** EXERCISE INSTRUCTIONS **
Once you find the line containing "Pierre bildin Drag", set down exactly that line and every one after it through the end of the listing below, with both ends included and any pictures omitted.

╭─ DATASET EXTRACT

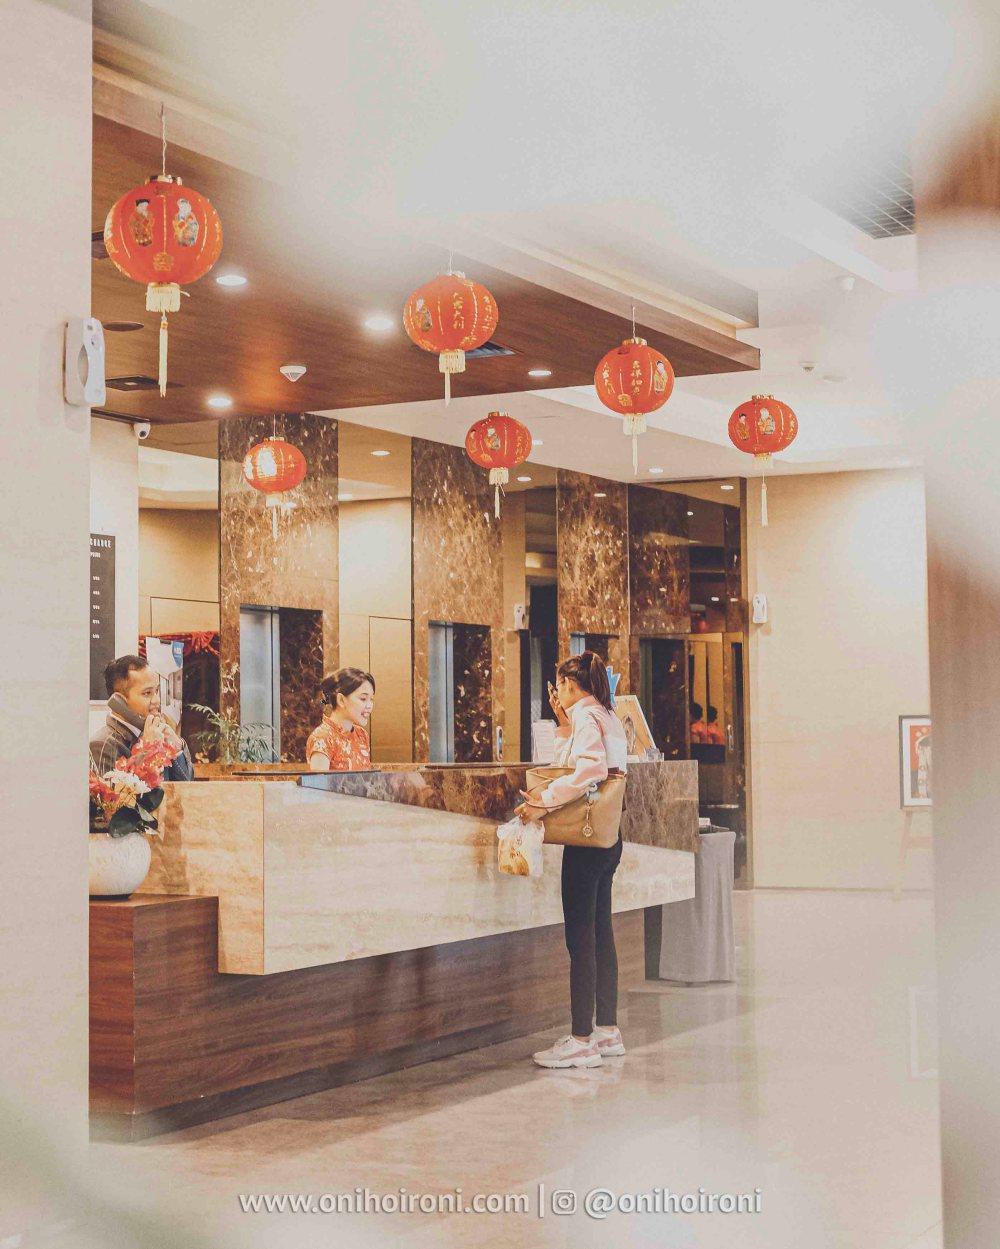 4 Lobby Review Hotel Grand Whiz Poins Simatupang Jakarta oni hoironi
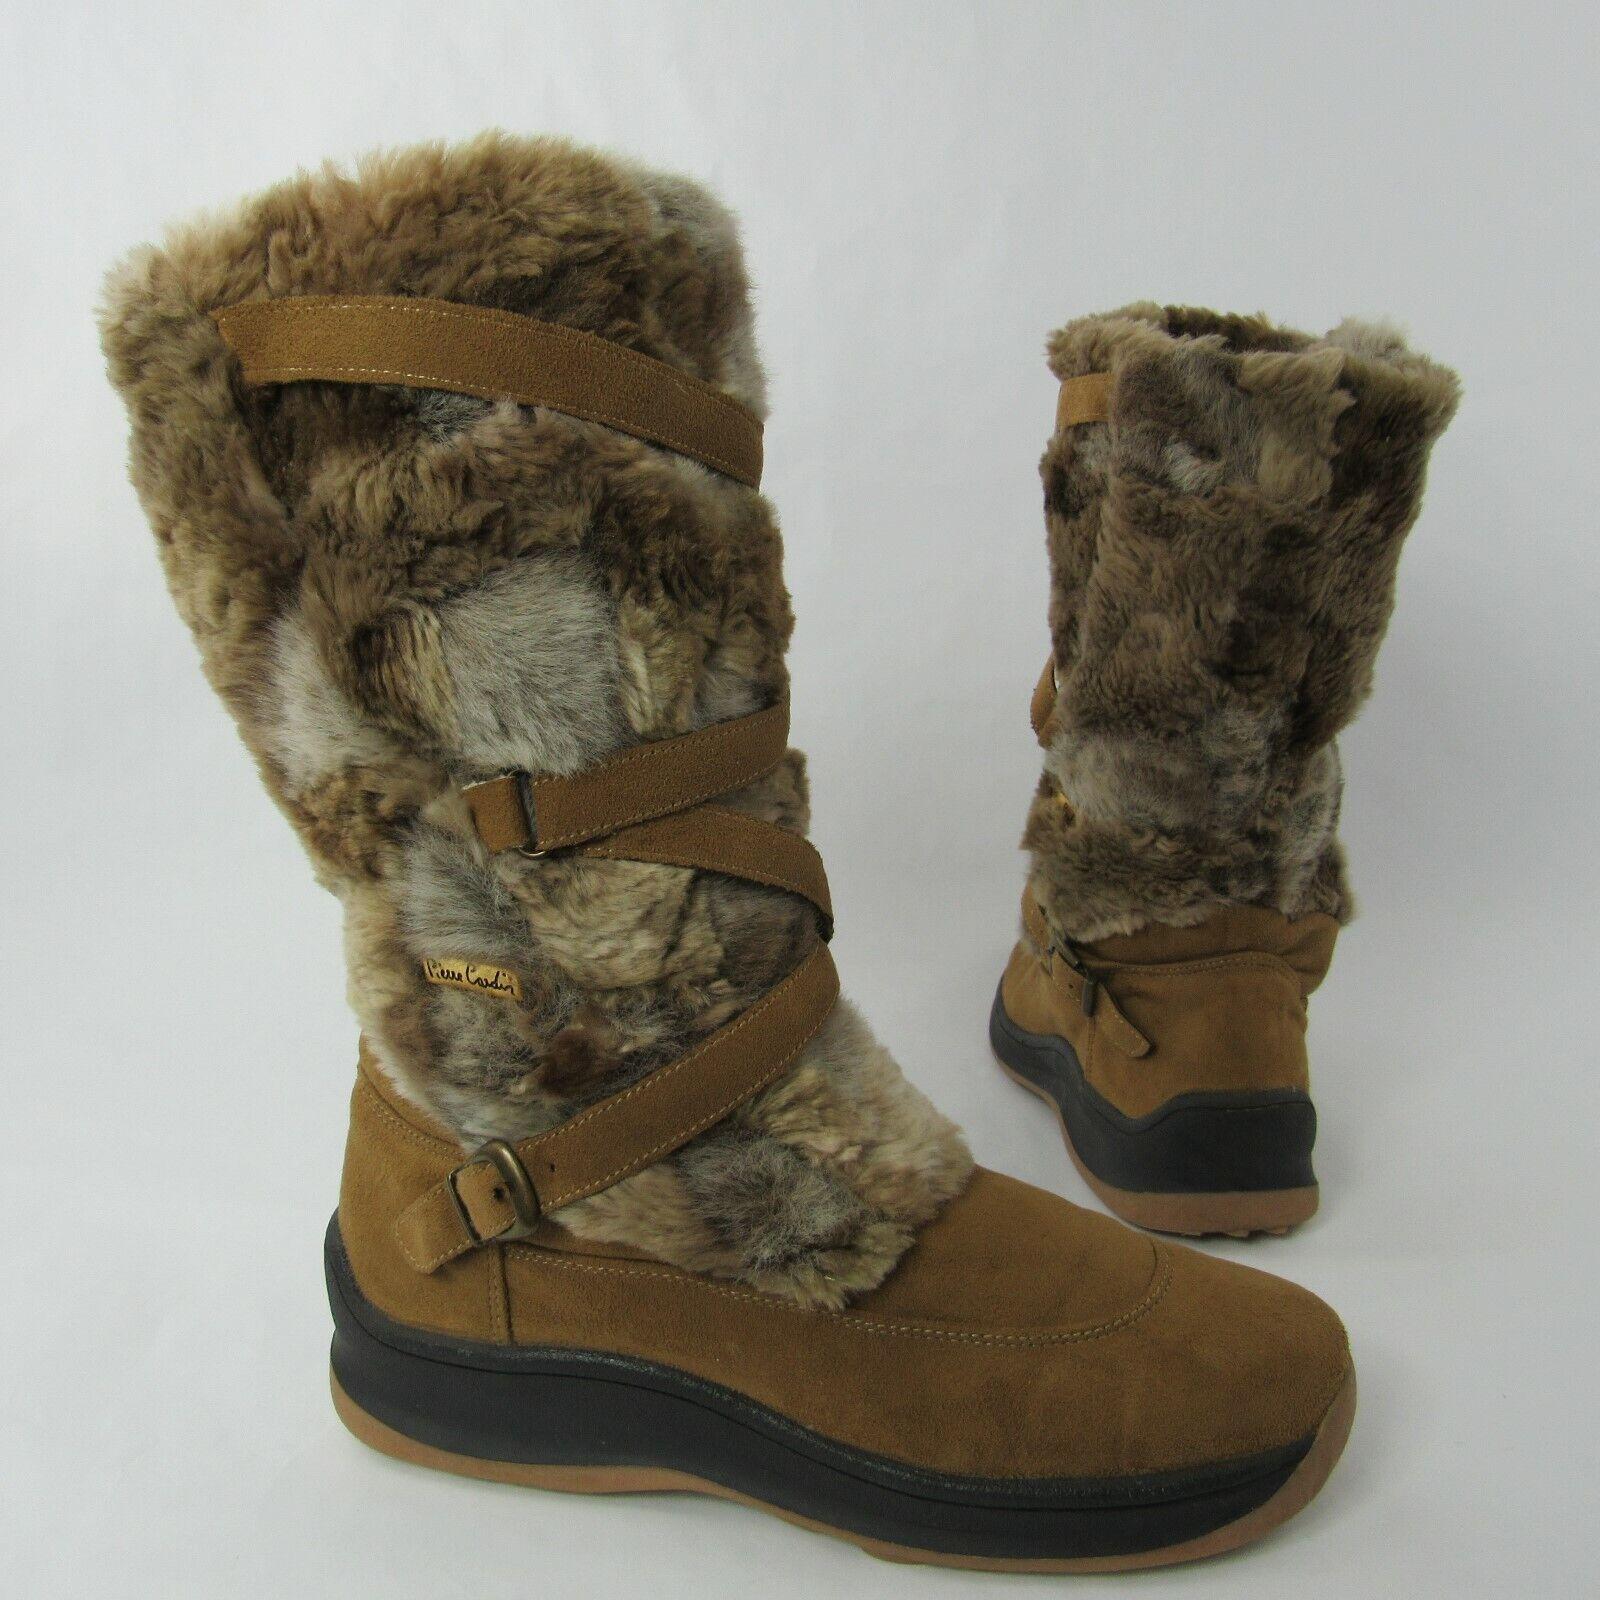 Pierre bildin Drag on stövlar Storlek 40 40 40 EU 9 US Shearling Lined skor sammet Faux Fur  kampanjer
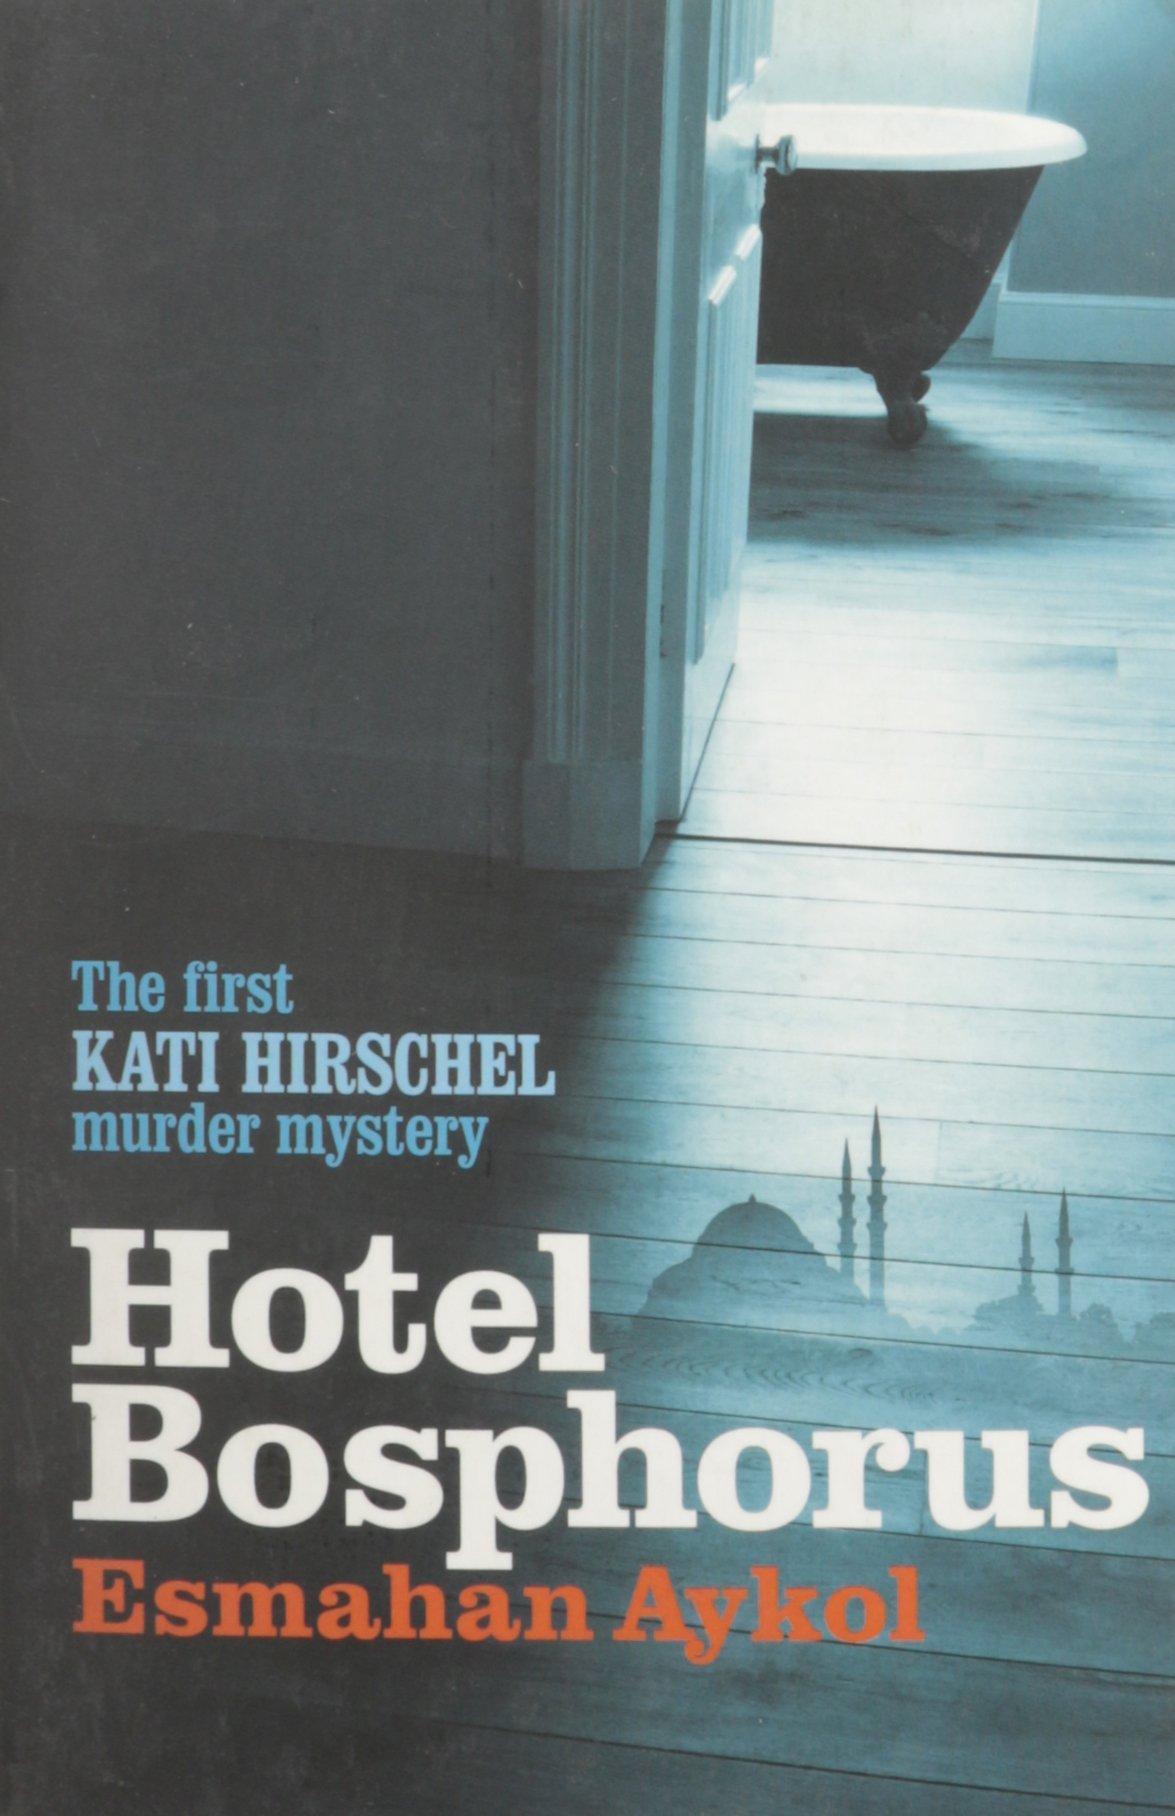 Hotel Bosphorus (Kati Hirschel Murder Mystery) pdf epub

╰─

** SOLUTION TO THIS EXERCISE **
 Pierre bildin Drag on stövlar Storlek 40 40 40 EU 9 US Shearling Lined skor sammet Faux Fur  kampanjer
 Hotel Bosphorus (Kati Hirschel Murder Mystery) pdf epub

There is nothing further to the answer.